Short-term effects of mineral and organic fertilizer on denitrifiers, nitrous oxide emissions and denitrification in long-term amended vineyard soils.

Tatti, E., Goyer, C., Zebarth, B.J., Burton, D.L., Giovannetti, L., et Viti, C. (2013). « Short-term effects of mineral and organic fertilizer on denitrifiers, nitrous oxide emissions and denitrification in long-term amended vineyard soils. », Soil Science Society of America Journal, 77(1), p. 113-122. doi : 10.2136/sssaj2012.0096  Accès au texte intégral (en anglais seulement)

Résumé

Dans le cadre de la présente étude, nous avons examiné les effets à court terme (c.‑à‑d. 21 jours) de l’épandage sur une longue période (c.‑à‑d. des épandages pendant 8 ans) d’engrais minéraux ou biologiques sur l’abondance des communautés dénitrifiantes, le nombre de transcrits d’ARNm des gènes de dénitrification, le taux de dénitrification et les émissions de N2O. Des échantillons de sol ont été recueillis dans un vignoble en Italie, où on épand annuellement de l’engrais minéral (système d’exploitation classique, SC) ou du compost municipal (système d’exploitation biologique, SB).
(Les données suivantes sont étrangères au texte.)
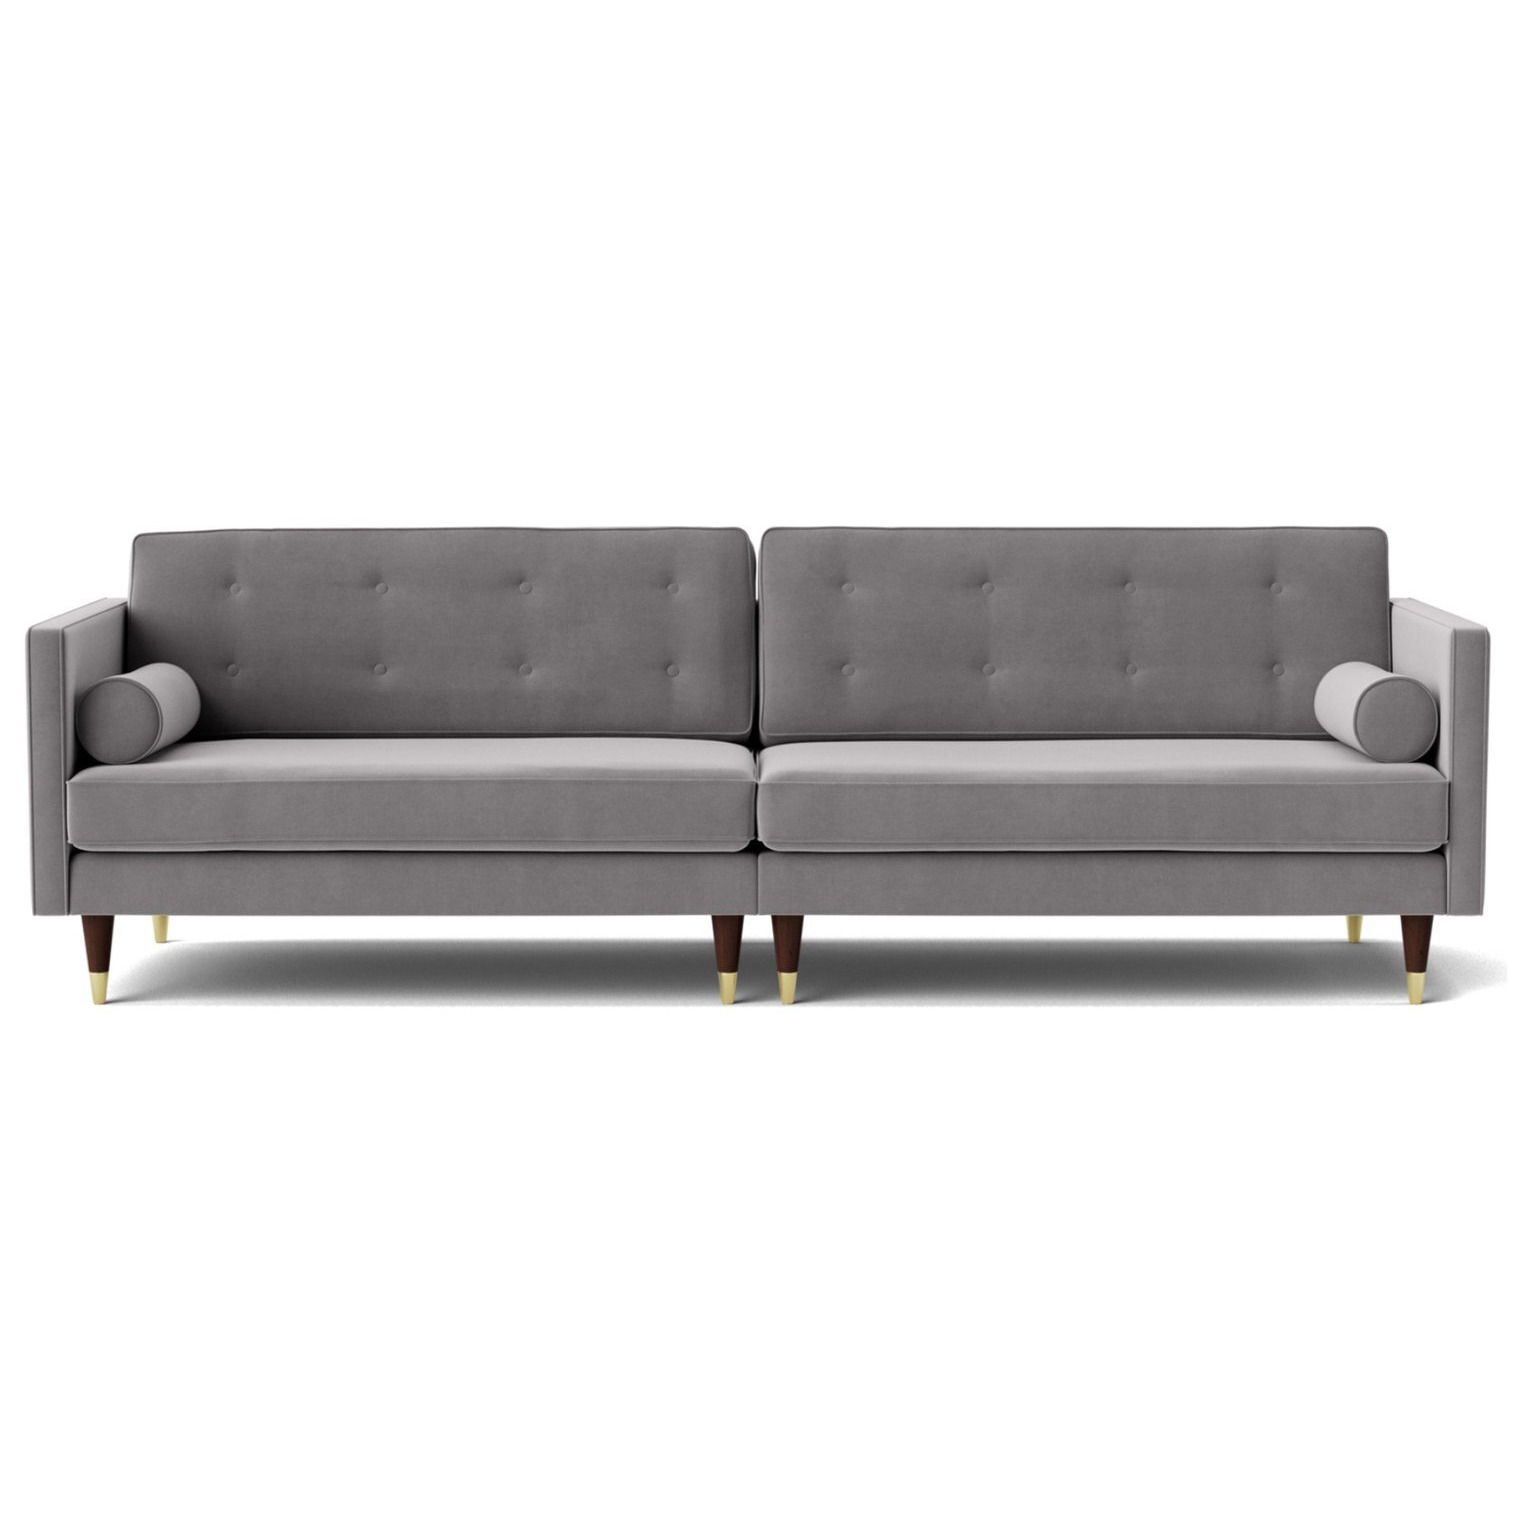 Swoon Porto Velvet 4 Seater Sofa - Silver Grey - image 1

Chaque échantillon a été incubé selon trois traitements : aucun amendement du sol, ajout de NH4NO3 et ajout de compost municipal. Les microcosmes présents dans le sol traité avec du compost comprenaient une plus forte abondance de bactéries porteuses des gènes nirS, nirK et nosZ comparativement au sol traité avec de l’engrais classique. Avec le temps, l’ajout de compost à court terme accroît l’abondance de bactéries porteuses du gène nirK dans les sols où l’on utilise un SC et un SB, alors que l’abondance de bactéries porteuses des gènes nirS et nosZ a seulement augmenté après l’ajout de compost sur le sol où l’on a recours à un SB. Pour tous les traitements, le nombre de transcrits d’ARNm du gène nosZ était à tous les moments plus élevé dans le sol exploité de façon biologique que dans le sol exploité de façon classique. De plus, le nombre de transcrits d’ARNm du gène nosZ a augmenté au fil du temps après l’épandage de compost sur les sols où l’on utilise un SC et un SB, et les émissions de N2O provenant des deux types de sol étaient plus élevées dans les échantillons auxquels a été ajouté du NH4NO3 que dans les échantillons non traités et ceux qui ont reçu un ajout de compost. Après un traitement de NH4NO3, la dénitrification était plus élevée dans le sol où l’on utilise un SB que dans celui où l’on utilise un SC. Dans tous les cas, les taux de dénitrification étaient beaucoup plus élevés que les concentrations de N2O, ce qui suggère que la plupart des émissions sont sous forme de N2. Dans le présent article, nous montrons que l’épandage à long terme de compost de déchets urbains a clairement modifié les communautés de bactéries dénitrifiantes ainsi que la réponse de la dénitrification et des émissions de N2O aux différents amendements du sol à court terme.